0

What I am trying to do is run a bash script that looks somewhat like this:

#!/usr/bin/bash

only1=$(comm -23 $1 $2 | wc -l)
only2=$(comm -13 $1 $2 | wc -l)
common=$(comm -12 $1 $2 | wc -l)

echo -e "${only1} only in $1"
echo -e "${only2} only in $2"
echo -e "${common} in both"

If I execute the script as script.sh file1 file2 it works fine. However, if I use it as script.sh <(grep 'foo' file1) <(grep 'foo' file2) it fails because the virtual files of the kind dev/fd/62 are only available for the first command (only1 in the script). The output is:

262 only in /dev/fd/63
0 only in /dev/fd/62
0 in both

Is there a way to make these virtual files available to all of the commands in the script?

jww
  • 97,681
  • 90
  • 411
  • 885
vkkodali
  • 630
  • 7
  • 18
  • You should supply some test data. It is not clear if `262 only in /dev/fd/63` or `0 only in /dev/fd/62` is expected or not. – jww Oct 25 '19 at 18:28

1 Answers1

2

The issue here is that the first invocation of comm will read to the end of both input files.

As you'd like to be able to provide pipes as the input (instead of a "real file), you'll need read the inputs once only, and then provide that as input to the subsequent commands... With pipes, as soon as data is read, it's gone and isn't coming back.

For example:

#!/bin/bash -eu

# cleanup temporary files on exit
trap 'rm ${TMP_FILE1:-} ${TMP_FILE2:-}' EXIT

TMP_FILE1=$(mktemp)
cat < $1 > $TMP_FILE1

TMP_FILE2=$(mktemp)
cat < $2 > $TMP_FILE2

only1=$(comm -23 $TMP_FILE1 $TMP_FILE2 | wc -l)
only2=$(comm -13 $TMP_FILE1 $TMP_FILE2 | wc -l)
common=$(comm -12 $TMP_FILE1 $TMP_FILE2 | wc -l)

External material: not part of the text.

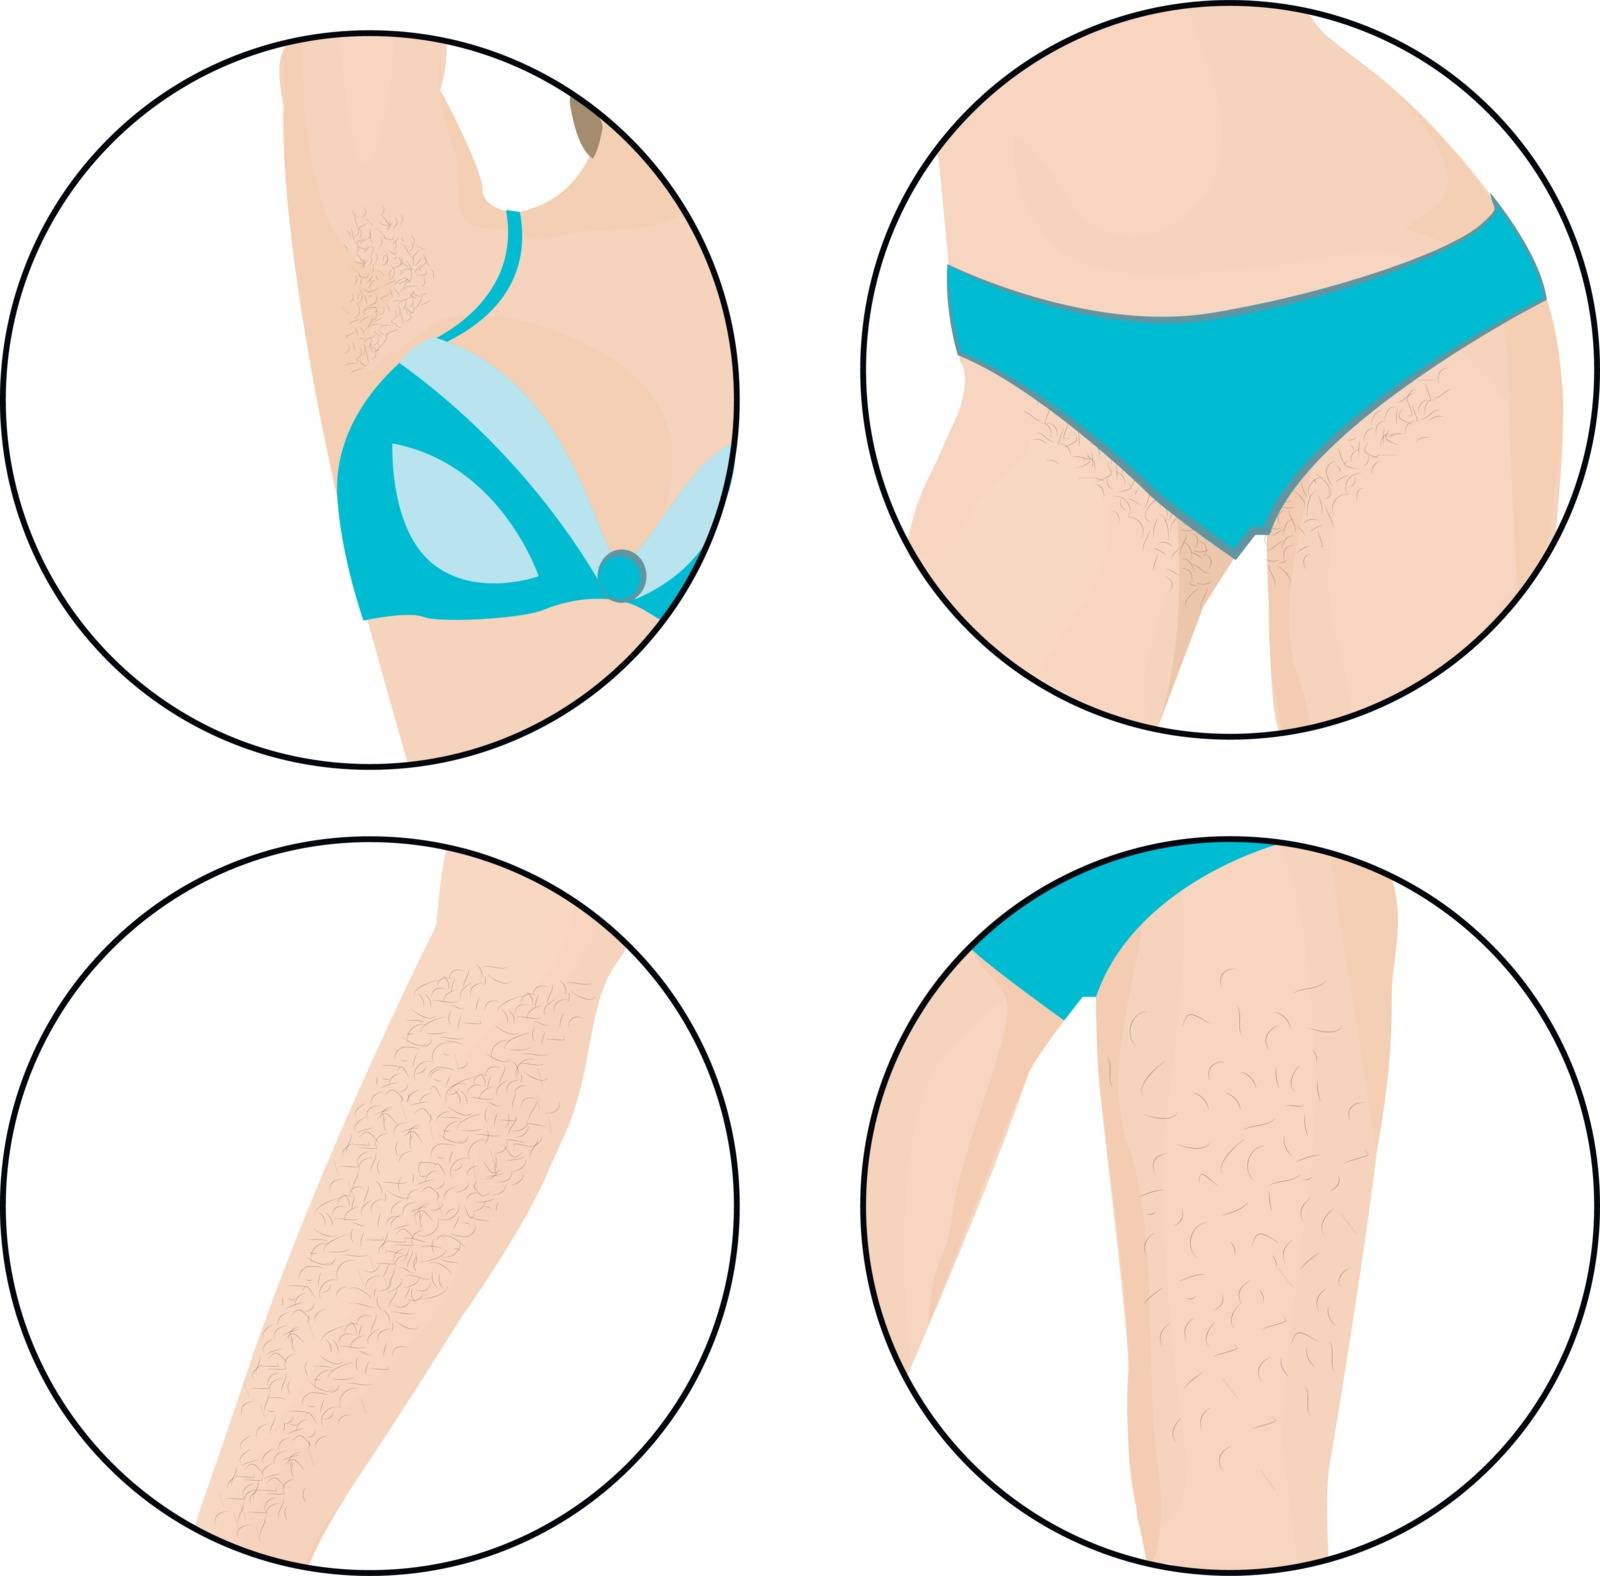 Hair removal zones  on a girl's body vector illustration

echo -e "${only1} only in $1"
echo -e "${only2} only in $2"
echo -e "${common} in both"

If your files are small enough, then you can get away with reading them into variables:

#!/bin/bash -eu

FILE1=$( < $1 )
FILE2=$( < $2 )

only1=$(comm -23 <( echo "$FILE1" ) <( echo "$FILE2" ) | wc -l)
only2=$(comm -13 <( echo "$FILE1" ) <( echo "$FILE2" ) | wc -l)
common=$(comm -12 <( echo "$FILE1" ) <( echo "$FILE2" ) | wc -l)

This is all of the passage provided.